Welcome back to our ongoing series on Tiny Machine Learning (TinyML)! Having already delved into Image Classification, Motion Classification, and Anomaly Detection in our two previous tutorials, we’re now shifting our focus to the realm of voice-activated applications with a project on Keyword Spotting (KWS) using the XIAO ESP32S3 board.

Keyword Spotting (KWS) is integral to many voice recognition systems, enabling devices to respond to specific words or phrases. While this technology underpins popular devices like Google Assistant or Amazon Alexa, it’s equally applicable and achievable on smaller, low-power devices. This tutorial will guide you through implementing a KWS system using TinyML on the XIAO ESP32S3 microcontroller board.

As we learned, the XIAO ESP32S3, equipped with Espressif’s ESP32-S3 chip, is a compact and potent microcontroller offering a dual-core Xtensa LX7 processor, integrated Wi-Fi, and Bluetooth. Its balance of computational power, energy efficiency, and versatile connectivity make it a fantastic platform for TinyML applications. Also, with its expansion board, we will have access to the “sense” part of the device, which has a 1600x1200 OV2640 camera, an SD card slot, and a digital microphone. The integrated microphone and the SD card will be essential in this project.

As in previous series tutorials, we will utilize the Edge Impulse Studio, a powerful, user-friendly platform that simplifies creating and deploying machine learning models onto edge devices. We’ll take step-by-step training of a KWS model, optimizing and deploying it onto the XIAO ESP32S3 Sense.

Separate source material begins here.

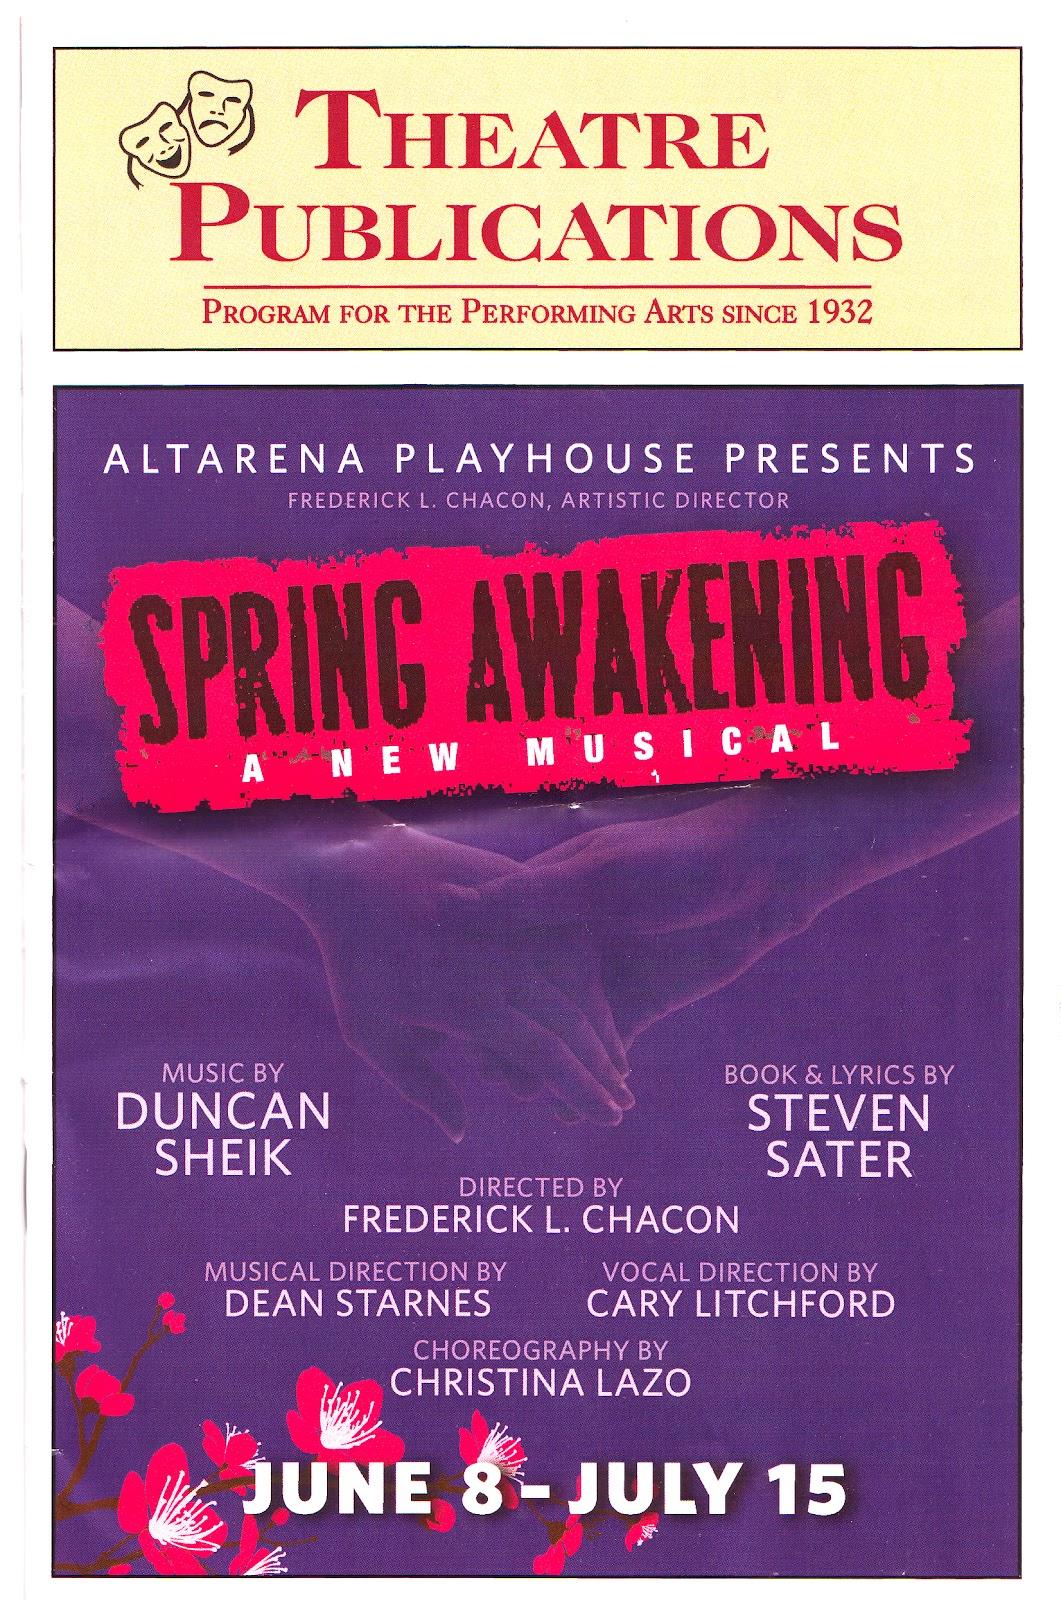 http://4.bp.blogspot.com/-ju4LipTBJIg/T_xXrHwHvgI/AAAAAAAALOs/hgMwC9HN-f0/s1600/Altarena_Spring_Awakening.jpg

Our model will be designed to recognize keywords that can trigger device wake-up or specific actions (in the case of “YES”), bringing your projects to life with voice-activated commands.

Leveraging our experience with TensorFlow Lite for Microcontrollers (the engine “under the hood” on the EI Studio) from previous tutorials, we’ll create a KWS system capable of real-time machine learning on the device.

As we progress through the tutorial, we’ll break down each process stage - from data collection and preparation to model training and deployment - to provide a comprehensive understanding of implementing a KWS system on a microcontroller.

So, let’s continue our journey into the exciting world of TinyML with Keyword Spotting on the XIAO ESP32S3 using Edge Impulse Studio!

How does a voice assistant work?
The introduction explained that Keyword Spotting (KWS) is critical to many voice assistants, enabling devices to respond to specific words or phrases.

To start, it is essential to realize that Voice Assistants on the market, like Google Home or Amazon Echo-Dot, only react to humans when they are “waked up” by particular keywords such as “ Hey Google” on the first one and “Alexa” on the second.”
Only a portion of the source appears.